Страна идиша. Воспоминания - [7]

Шрифт
Интервал

Но сейчас я спрашиваю себя: может быть, дело в том, что она так и не оправилась после смерти матери и поэтому ей больше всего нужен был мужчина, на которого она могла бы положиться? Если бы Зайдман «временно оставлял» ее каждую беременность, то, может быть, он мог бросить ее и еще когда-нибудь? Вдруг осознав невозможность на него положиться, мама — с той же импульсивностью, с какой она отдала нищему все деньги, которые были у нее при себе, — разорвала отношения с Зайдманом навсегда.

Мамина история, собранная по кусочкам в течение тысяч обедов, представляла собой полную противоположность судьбам ее сестер. Все они, одна за другой, связались с женатыми мужчинами, презрев суровое предупреждение моей бабушки Фрадл: «Дочь моя, у мужчины может быть миллион прекрасных качеств: привлекательная внешность, утонченность, богатство. Но смотри не прогляди один крошечный недостаток — может, он уже женат?» Мораль была ясна: не укради радость другой женщины, — но все дочери Фрадл не выдержали столкновения с реальностью. Маша же не могла оступиться, поскольку — как однажды она объяснила мне за обедом (мы пили компот): «Их бин а гезалбте, — я была избрана Богом, — их тор кит шлофн мит кейн ман, — и не могу спать с мужчиной вне брака». Короче говоря, мужчинам нет веры, ибо жизнь — это поле битвы, и женщинам вроде Фрадл Мац и ее младшей дочери Маши предстояло самим решать, где проходит линия фронта.

Вскоре после свидания в кафе Рудницкого Зайдман женился на Юдифь Кренской, женщине, которая была много старше мамы. Она была врачом и тоже принадлежала к русскоговорящей элите. У них родилась дочь, Фрида, которая, как и мы, росла, зная, что именно Маша была любовью всей жизни ее отца.
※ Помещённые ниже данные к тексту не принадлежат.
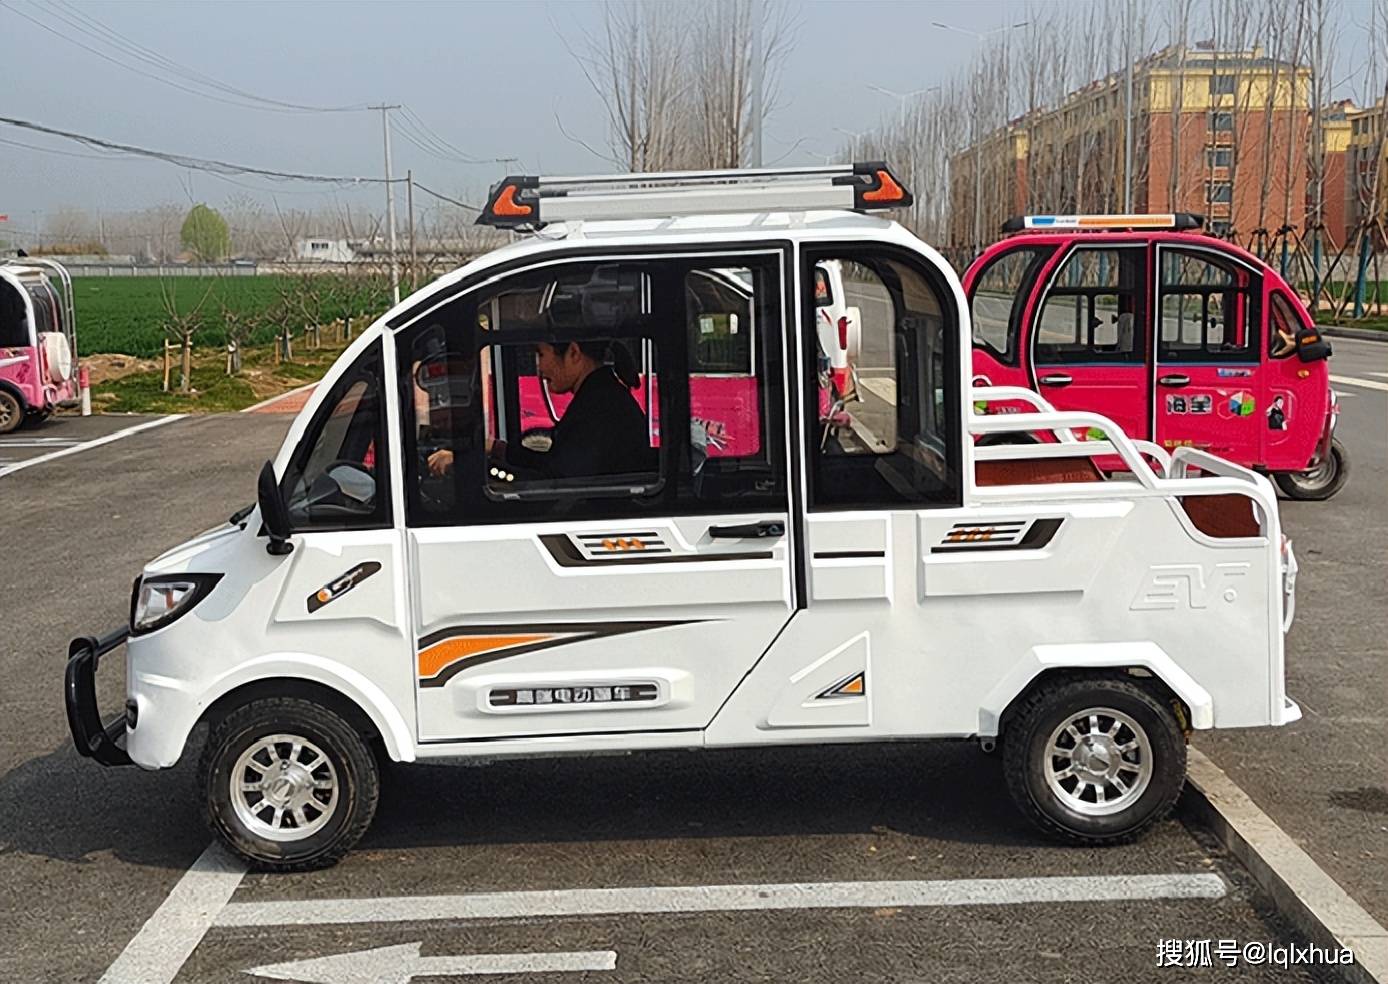 这款江苏宗申新发布的低速四轮电动车 最大续航120公里 价格只需9000起_搜狐汽车_搜狐网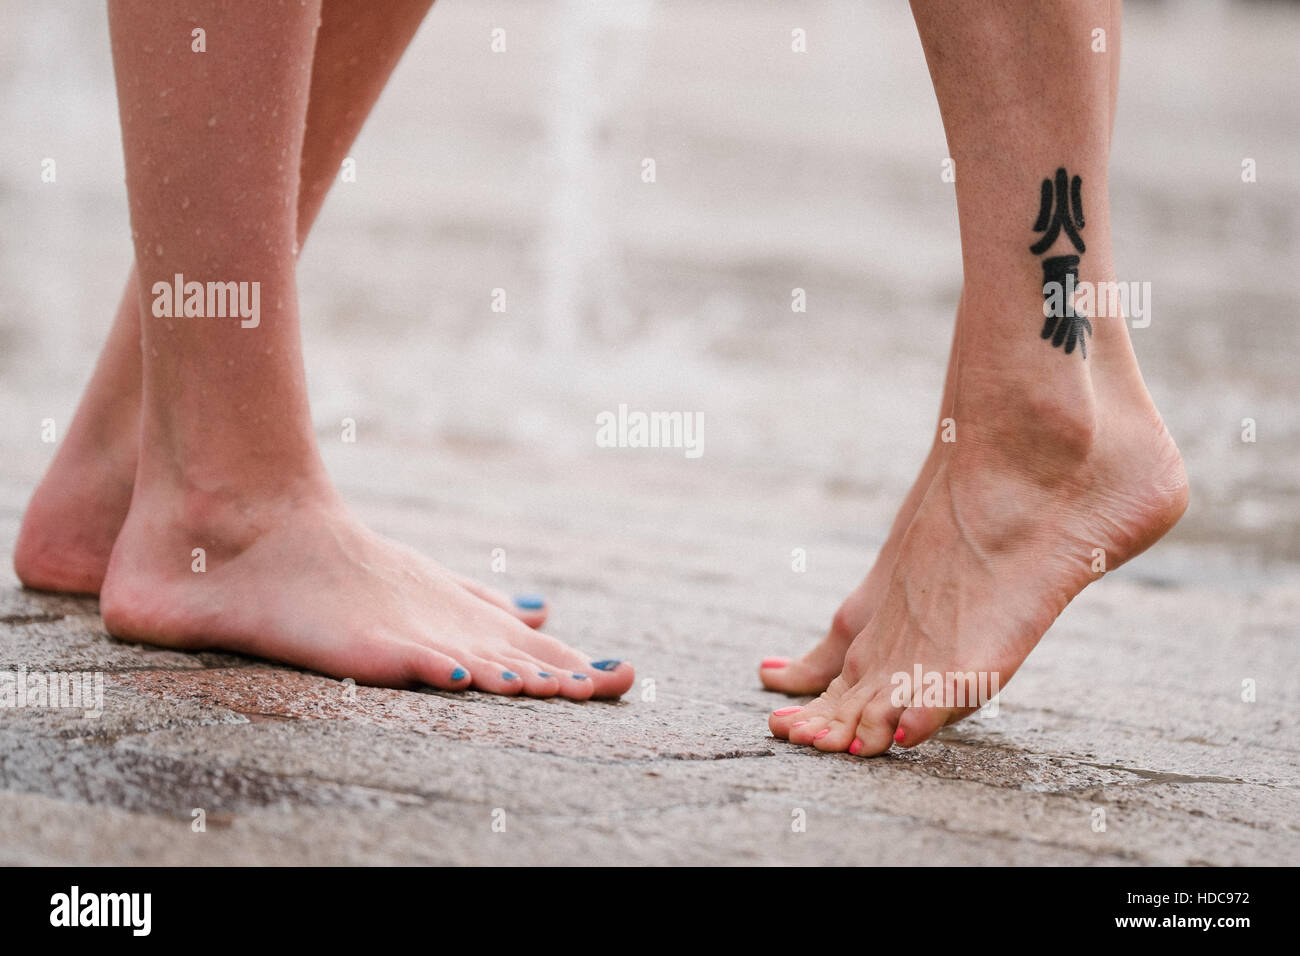 Farbe, Bild von zwei Frauen Beine und Füße, die den Eindruck, dass sie küssen oder einander umarmen. Stockfoto

Сам Зайдман не оставлял надежд. Однажды он пригласил тетю Мину, мамину сводную сестру, в кафе и сказал ей: «Передай Маше, что я все еще люблю ее». В Виленском гетто он разыскал Надю, жену дяди Гриши, и, щедро заплатив ей за педикюр, при всех поинтересовался, не знает ли она Машин новый адрес в Канаде. Именно так он нашел ее после войны, и первое его письмо к ней, присланное из Швеции, начиналось словами: «Я Онегин, пишу моей Татьяне». (Если я когда-нибудь выучу русский, то прочту это письмо в первую очередь.)

Из маминых братьев и сестер в живых остался лишь наш дядя Александр, который бросил свой зубной кабинет и жену, старше его на шесть лет, и отправился на корабле в Америку, где жил инкогнито, чтоб не разводиться со своей женой. Четырнадцать лет спустя дядя Гриша дал ей халице, освободив ее от статуса агуне[41](см. Втор., 25:7–9[42]), после чего она наконец-то вышла замуж, но вскоре умерла от рака. Под предлогом поездок к Александру в Нью-Йорк мама опять стала встречаться с Зайдманом, который тогда уже перебрался в Манхэттен. Как раз во время одной из таких поездок Ева уломала оставшегося дома отца рассказать собственную версию этой истории… Но на своем присутствии у смертного одра Зайдмана отец все же настоял.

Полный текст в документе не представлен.